Reader browser plug-in of Adobe system contains a considerable flaw that attackers can exploit to obtain control of users' computers running Opera and Firefox browsers, reported Symantec on January 3, 2007.

Stefano Di Paola and Giorgio Fedon first highlighted the problem. The pair of researchers in the last week of December 2006 presented a paper in Berlin discussing security issues involving Web 2.0 technologies such as AJAX (Asynchronous JavaScript and Extensible Markup Language).

Cyber crooks can take advantage of the error in Adobe's Web browser plug-in by opting simultaneously the address of the Web site that hosts an Adobe PDF file, to launch attacks, said Symantec and VeriSign iDefense. The attacker could create apparently trusted links and add malicious JavaScript code that would install itself when a user clicks on the link, they said.

The manner in which the plug-in handles URL parameters known as "Open Parameters" causes the vulnerability. Using Open Parameters in Adobe Reader, a software maker can specify exactly what and how to display a document. Di Paola and Fedon further said in their research paper that the attack that exploits the flaw called universal cross-site scripting uses a problem in the browser instead of flaw within a Web site. In a scripting attack launched across sites unintentional execution of the code takes place within a string of queries that a particular URL may have.

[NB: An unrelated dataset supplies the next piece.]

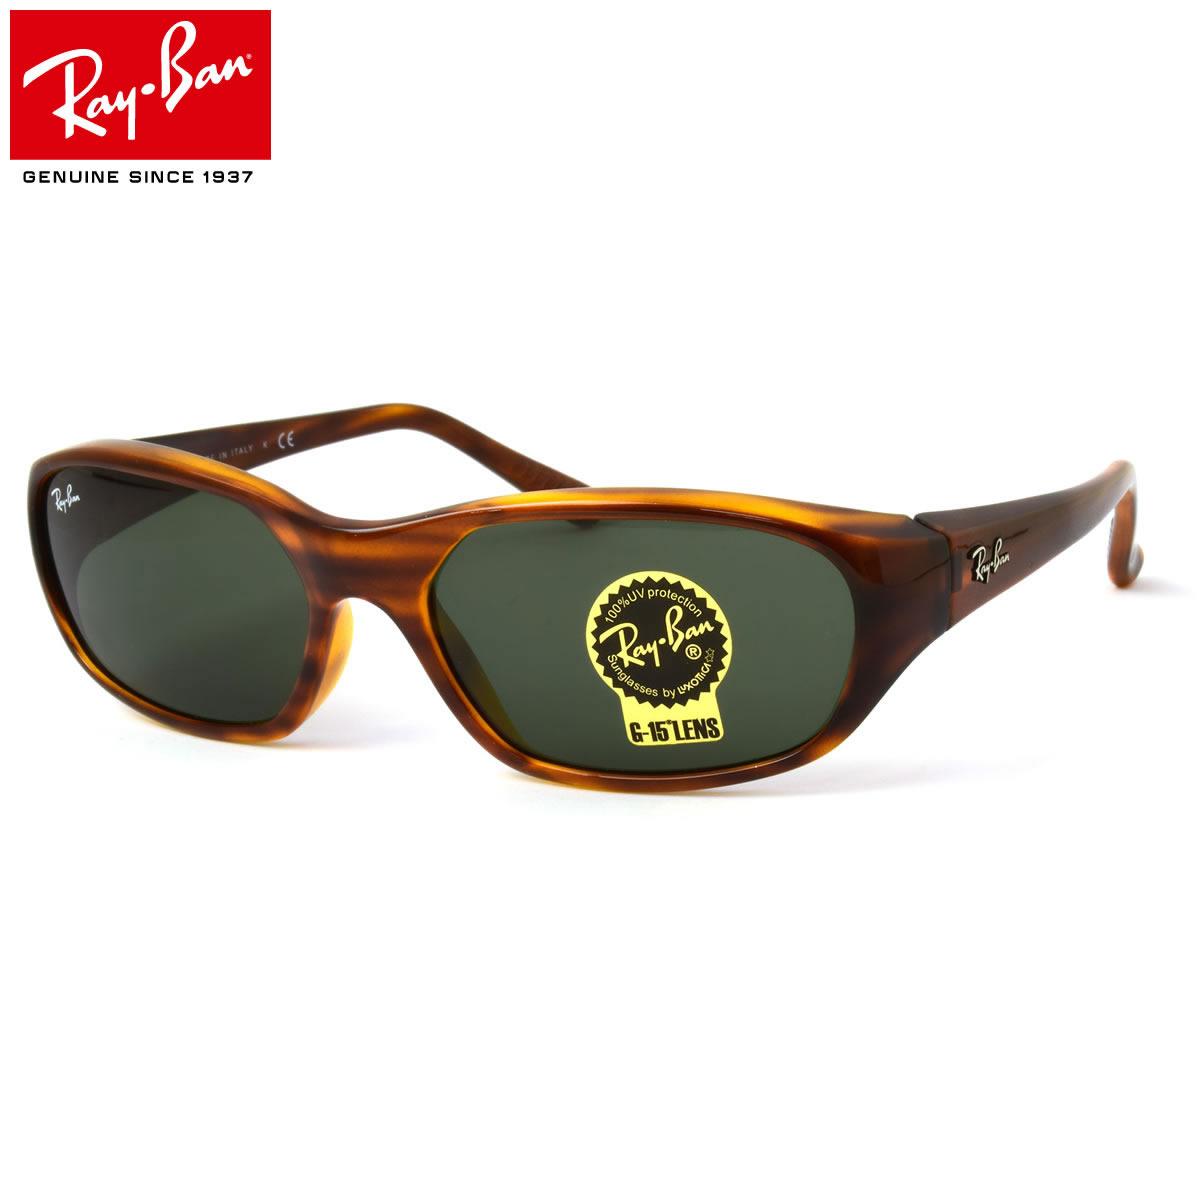 Ray-Ban レイバン サングラス RB2016 820/31 59サイズ DADDY-O ダディーオー メンズ レディース
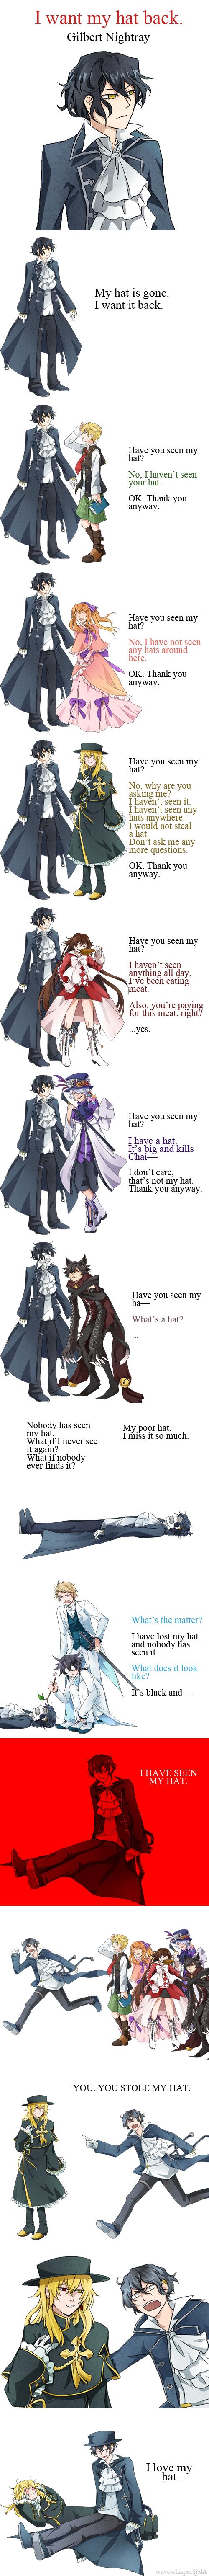 Tags: Anime, Wavewhisper, Pandora Hearts, Cheshire Cat (Pandora Hearts), Xerxes Break, Oz Vessalius, Leo Baskerville, Gilbert Nightray, Elliot Nightray, Alice Baskerville, Vincent Nightray, Sharon Rainsworth, Tailcoat

When recipients click on the URL that might be included in the e-mail they receive, they would be led to the specifically crafted web page of a site. If they submit their personal information on a form in the page, that will be transmitted to the remote attacker and the victims will never know that the attacker tampered with the site.

Considering the nature of the problem that the Reader plug-in is encountering at the moment, the two researchers Di Paola & Fedon cautioned, Web 2.0 applications for instance Google Inc.'s Gmail and Google maps, those that employ AJAX, need to tighten their security within Web browsers. If this is not ensured, hackers can turn such applications featuring a wide spectrum of functions into weapons, they wrote.